Rutin untuk memilih eps dan minPts untuk DBSCAN


13

DBSCAN adalah algoritma pengelompokan yang paling banyak dikutip menurut beberapa literatur dan dapat menemukan bentuk cluster berdasarkan kepadatan. Ini memiliki dua parameter eps (sebagai radius lingkungan) dan minPts (sebagai tetangga minimum untuk mempertimbangkan titik sebagai titik inti) yang saya percaya sangat tergantung pada mereka.

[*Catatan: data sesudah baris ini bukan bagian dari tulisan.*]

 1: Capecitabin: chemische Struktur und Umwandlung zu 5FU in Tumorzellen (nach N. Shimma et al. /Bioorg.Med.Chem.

Apakah ada metode rutin atau umum digunakan untuk memilih parameter ini?


1
Perhatikan bahwa ada pertanyaan serupa tentang Stack Overflow : Memilih eps dan minpts untuk DBSCAN (R)?
gung - Reinstate Monica

Jawaban:


11

Ada banyak publikasi yang mengusulkan metode untuk memilih parameter ini.

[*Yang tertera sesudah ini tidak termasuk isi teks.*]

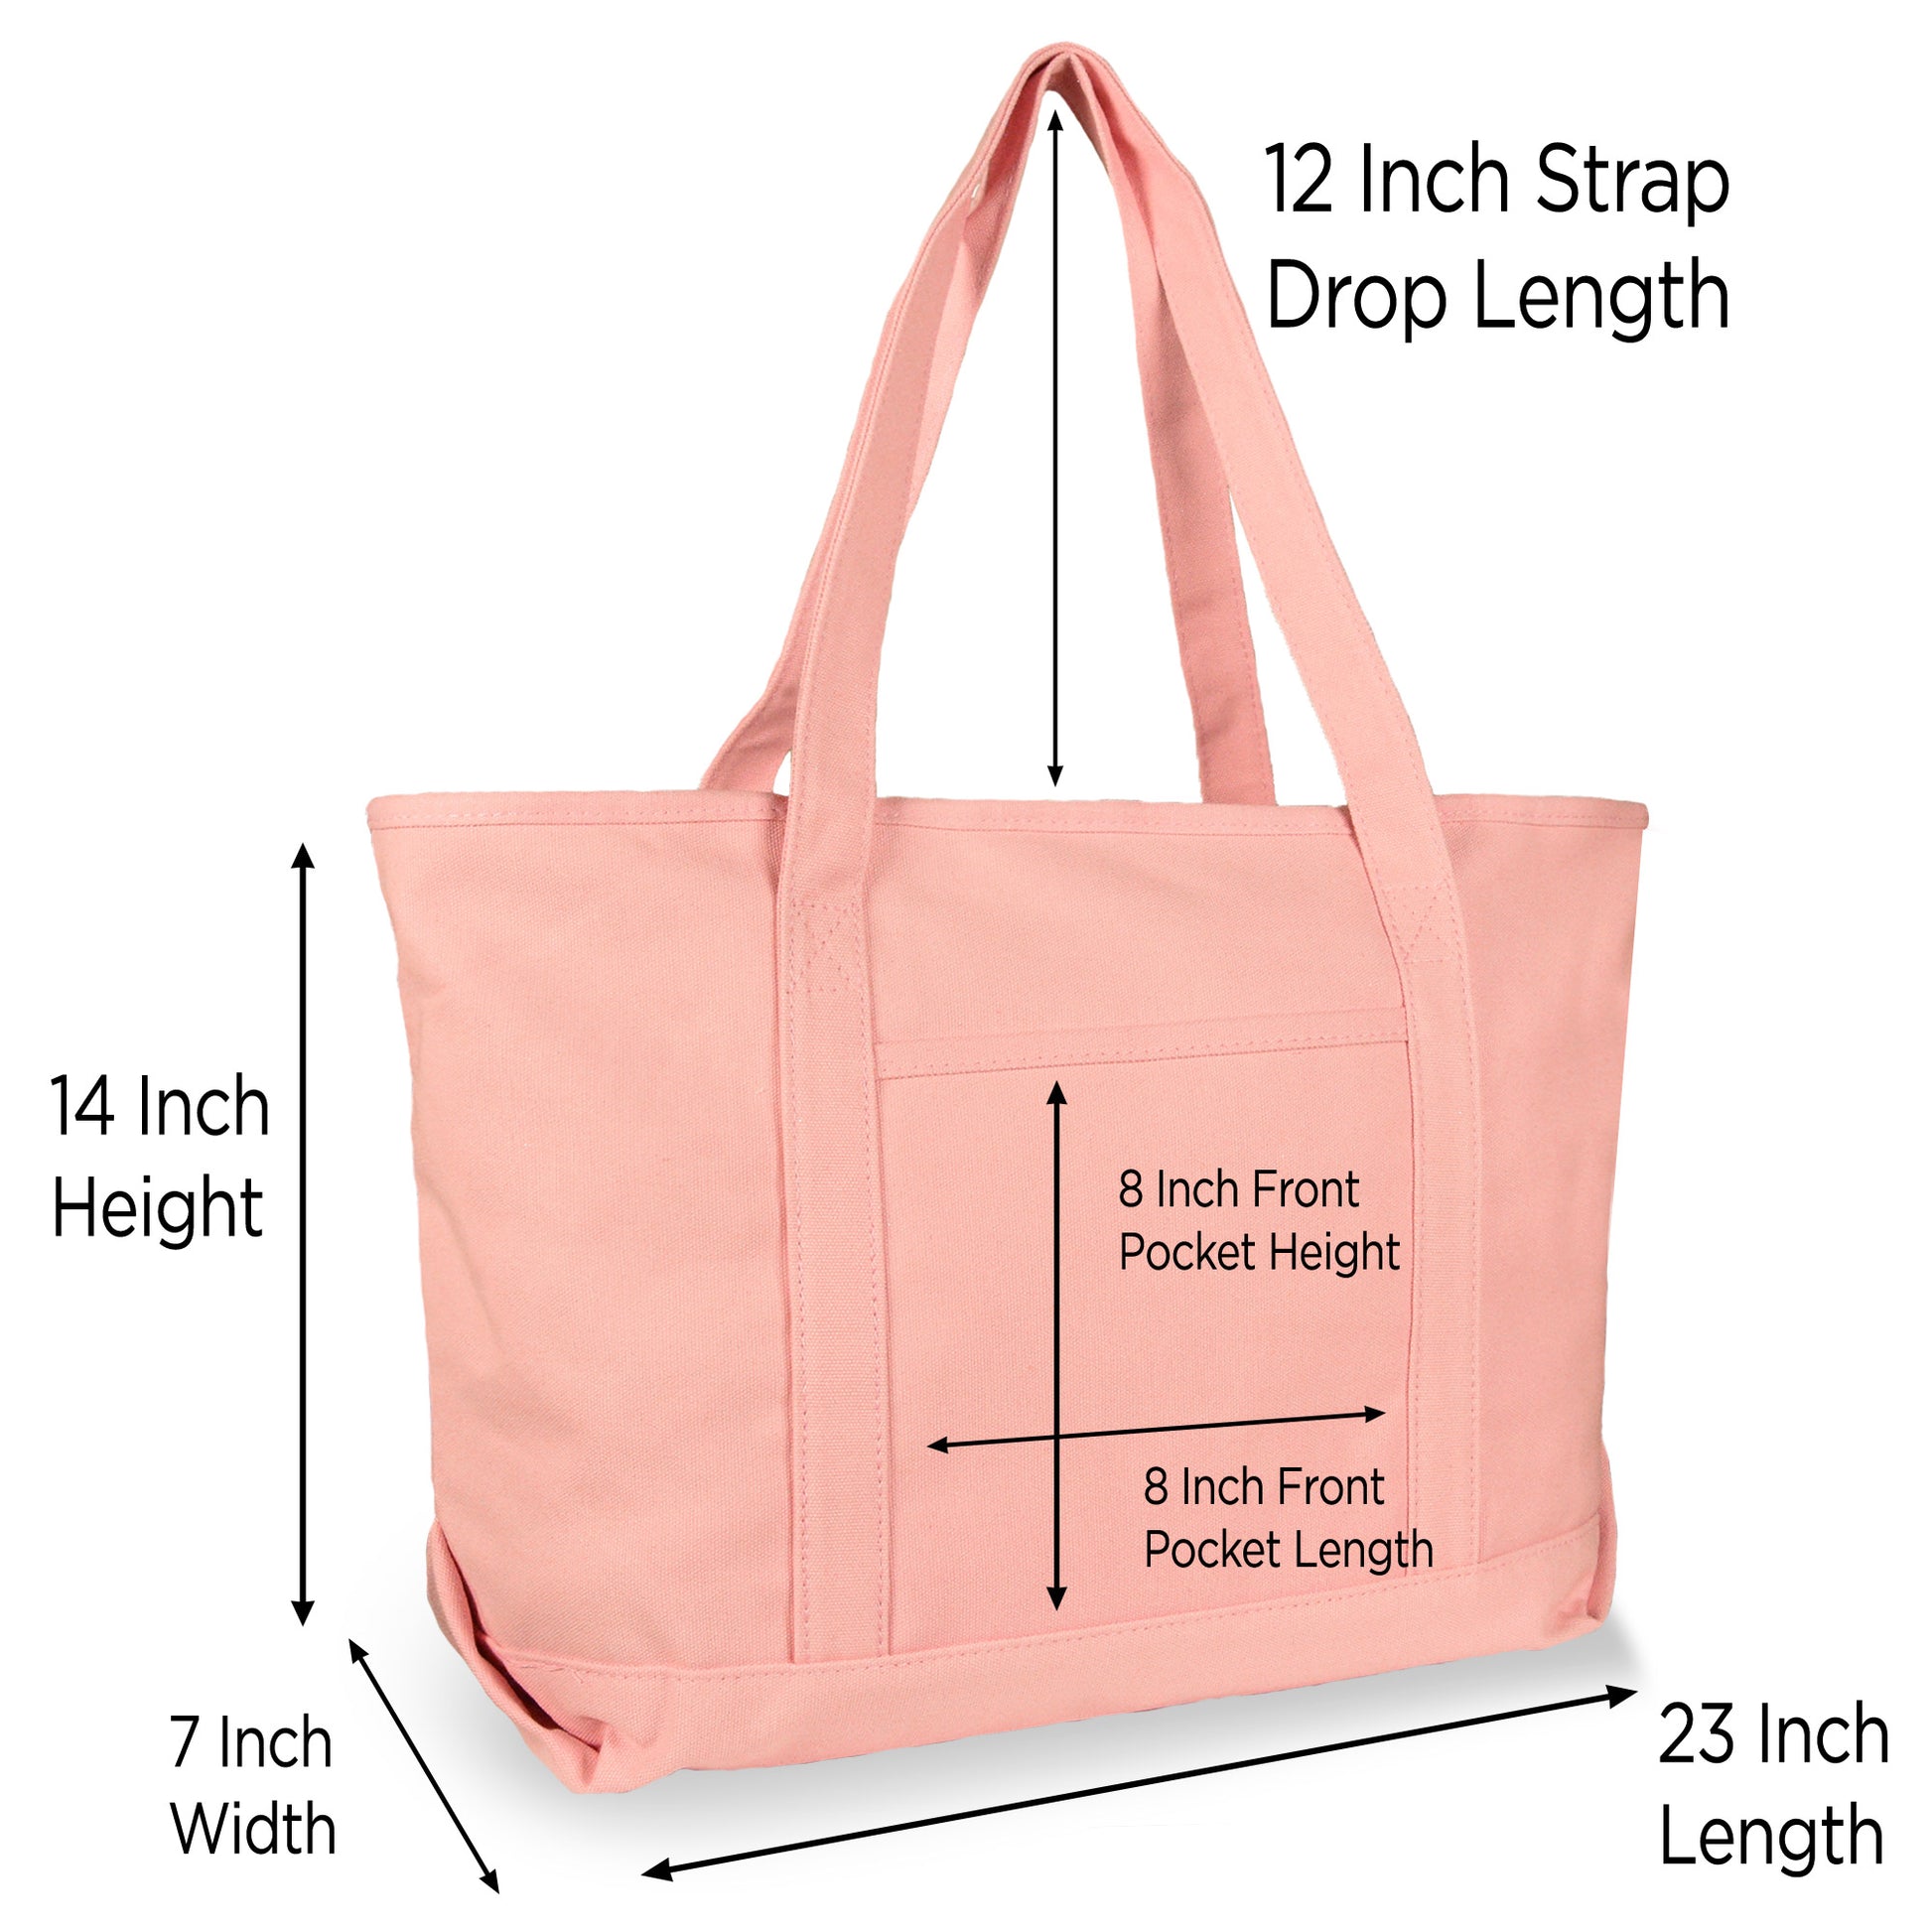 Dalix Women's Cotton Canvas Tote Bag Large Shoulder Bags Pink Monogram A-Z S

Yang paling penting adalah OPTICS, variasi DBSCAN yang menghilangkan parameter epsilon; itu menghasilkan hasil hierarkis yang secara kasar dapat dilihat sebagai "menjalankan DBSCAN dengan setiap epsilon yang mungkin".

Untuk minPts, saya sarankan untuk tidak mengandalkan metode otomatis, tetapi pada pengetahuan domain Anda .

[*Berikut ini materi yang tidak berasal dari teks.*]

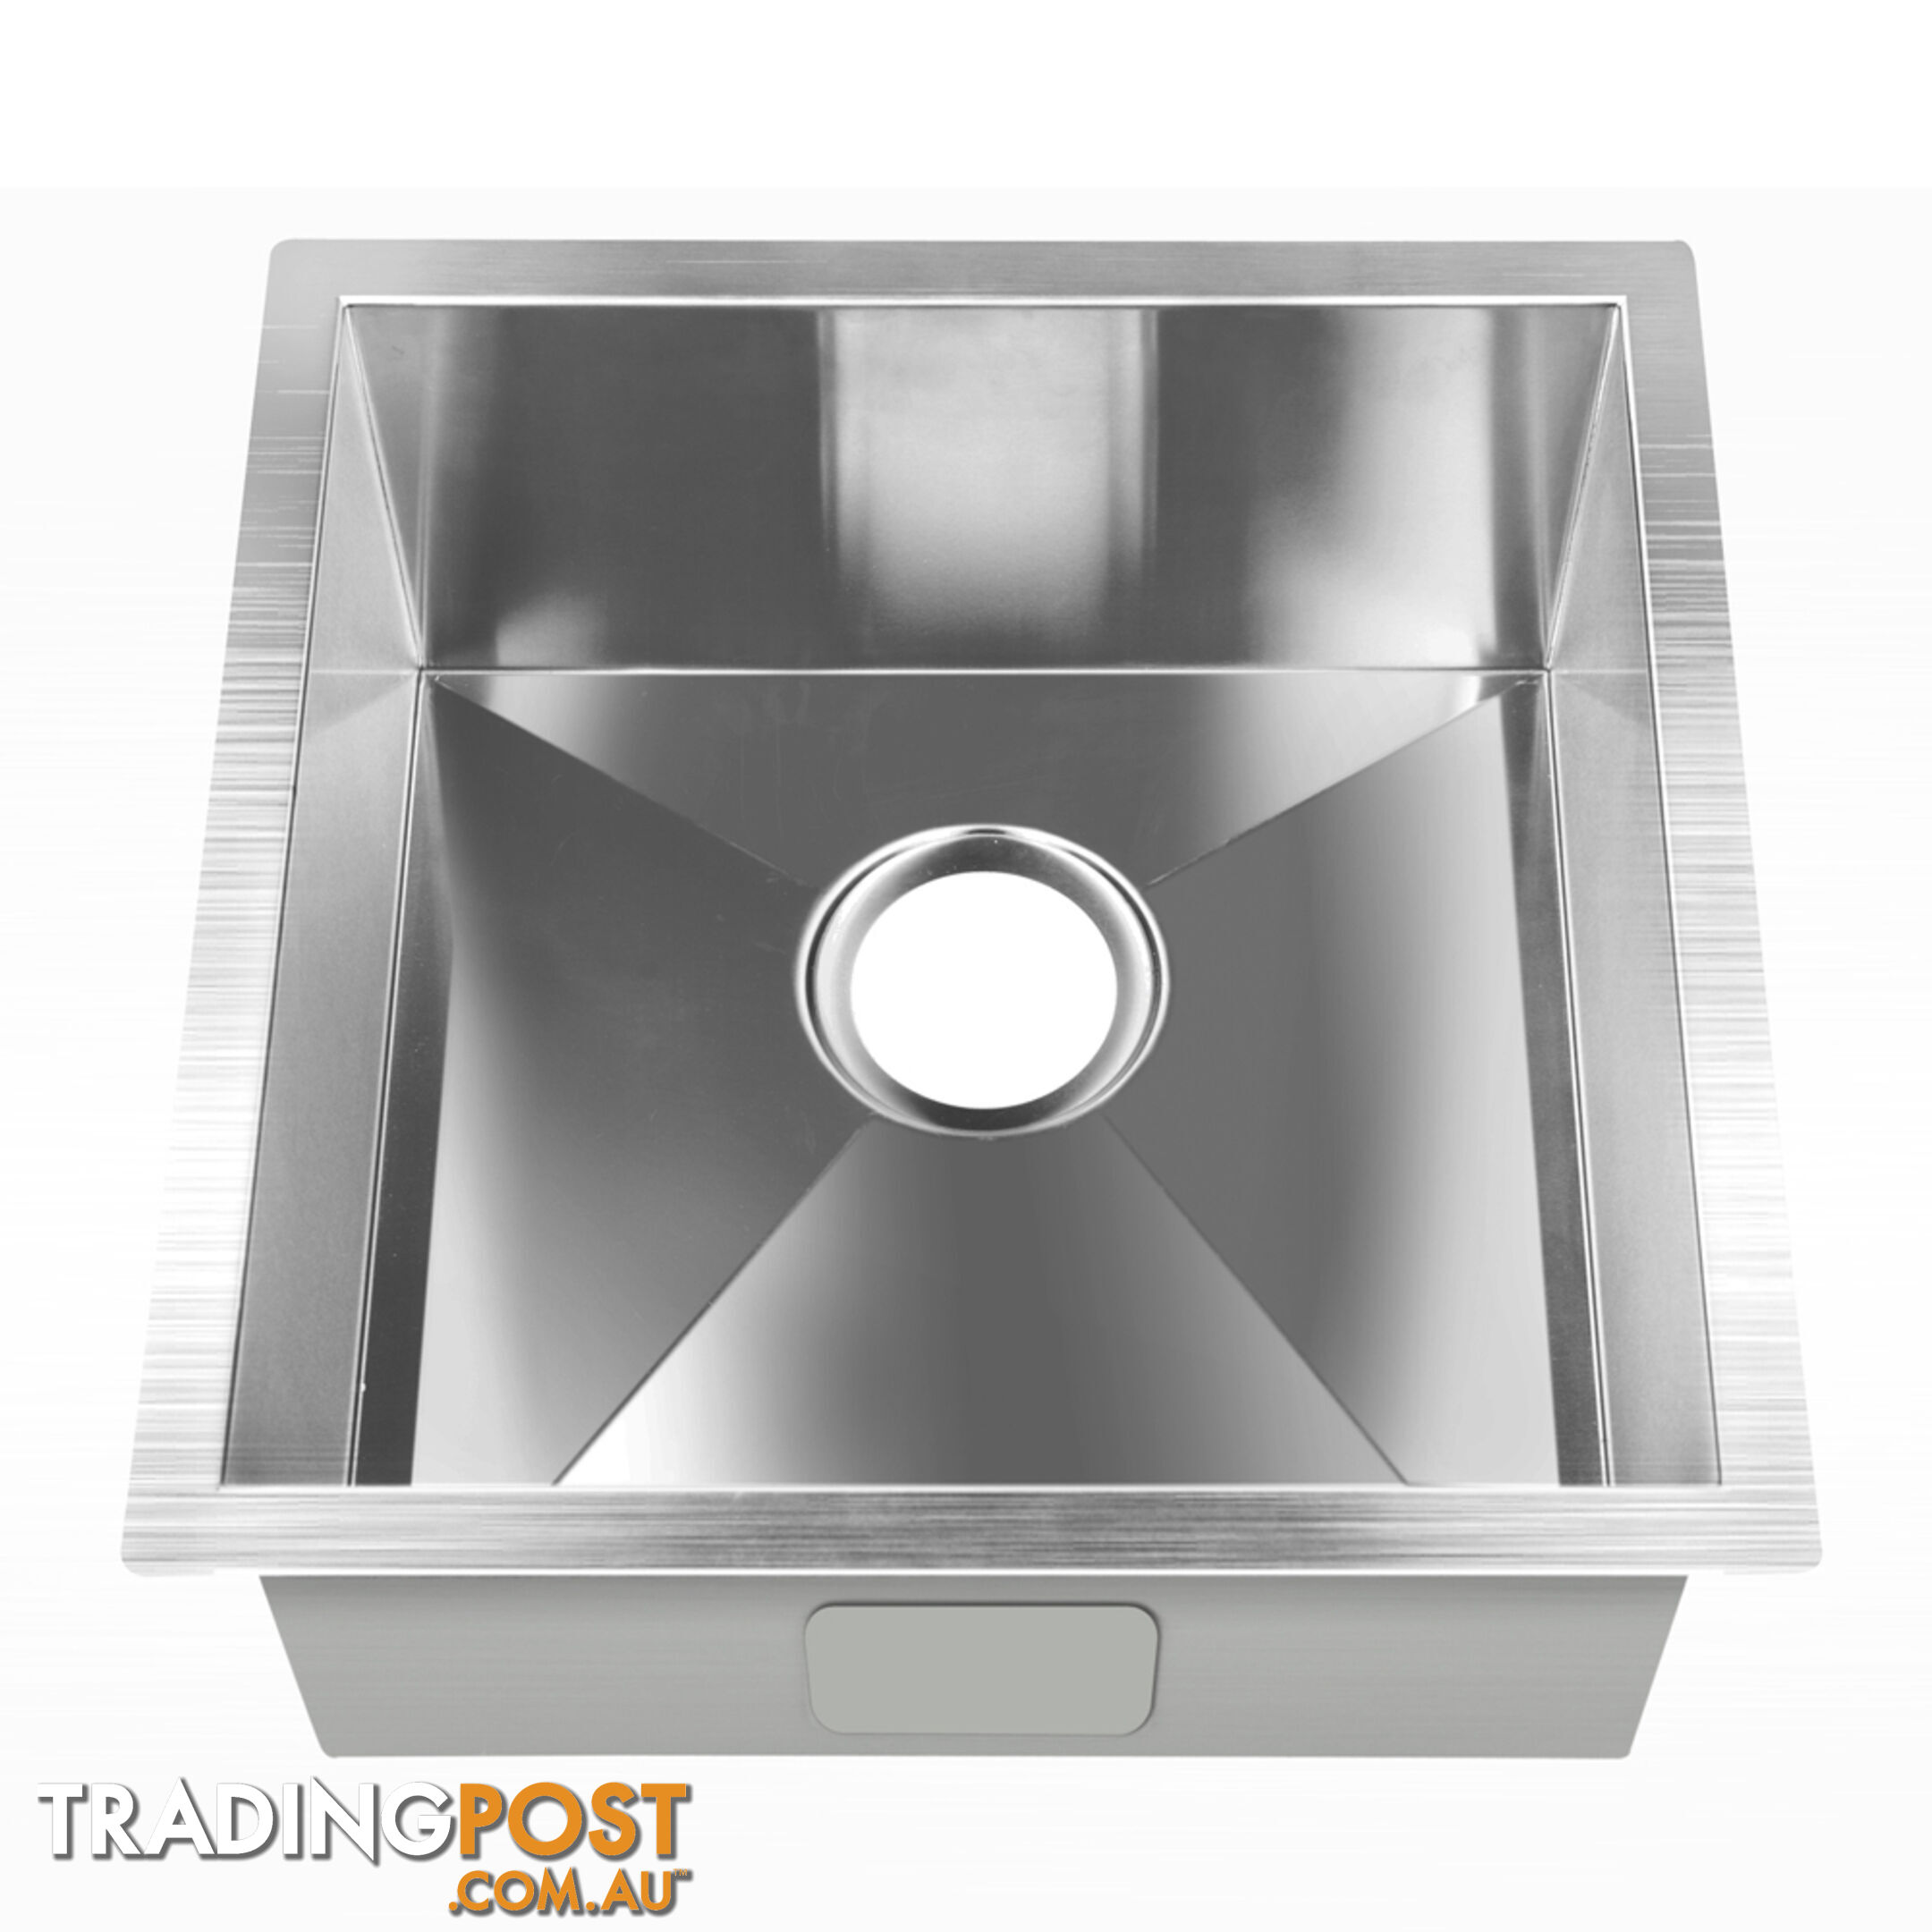 Stainless Steel Kitchen/Laundry Sink w/ Strainer Waste 440 x 440 mm

Algoritma pengelompokan yang baik memiliki parameter, yang memungkinkan Anda untuk menyesuaikannya dengan kebutuhan Anda.

Parameter yang Anda abaikan adalah fungsi jarak. Hal pertama yang harus dilakukan untuk DBSCAN adalah menemukan fungsi jarak yang baik untuk aplikasi Anda . Jangan mengandalkan jarak Euclidean menjadi yang terbaik untuk setiap aplikasi!


Meskipun pengguna dapat memilih fungsi jarak, saya ragu itu adalah parameter.
Mehraban

1
Tentu saja. Ini adalah parameter sebanyak fungsi kernel untuk metode kernel lainnya (Anda sebenarnya dapat melakukan kernelisasi DBSCAN secara sepele dengan cara ini), dan menurut pengalaman saya, jarak lain seperti Canberra atau Clark dapat secara signifikan meningkatkan hasil .
Memiliki QUIT - Anony-Mousse

Saya tidak meremehkan pengaruh fungsi jarak pada pengelompokan, Tapi saya pikir itu agak umum, tidak spesifik untuk dbscan atau setiap algoritma pengelompokan lainnya; sedangkan eps dan minPts secara eksplisit adalah parameter dbscan.
Mehraban

1
Ada banyak algoritma berbasis non-jarak juga. Dan ketika Anda menganggap minPts sama dengan misalnya kuntuk klasifikasi tetangga terdekat, maka Anda bisa mengatakan hal yang sama untuk parameter minPts. Saya kira perbedaan utama adalah bahwa untuk jarak, ada "sering" default yang masuk akal: jarak Euclidean; sedangkan untuk minPts nilainya akan menjadi data spesifik.
Memiliki QUIT - Anony-Mousse

1
OPTICS sendiri tidak akan memberi Anda partisi, tetapi urutan cluster. Untuk mendapatkan partisi, gunakan ekstraksi xi yang dijelaskan dalam kertas OPTICS. Lihat setiap varian kertas untuk memahami perbedaannya.
Memiliki QUIT - Anony-Mousse
Dengan menggunakan situs kami, Anda mengakui telah membaca dan memahami Kebijakan Cookie dan Kebijakan Privasi kami.
Licensed under cc by-sa 3.0 with attribution required.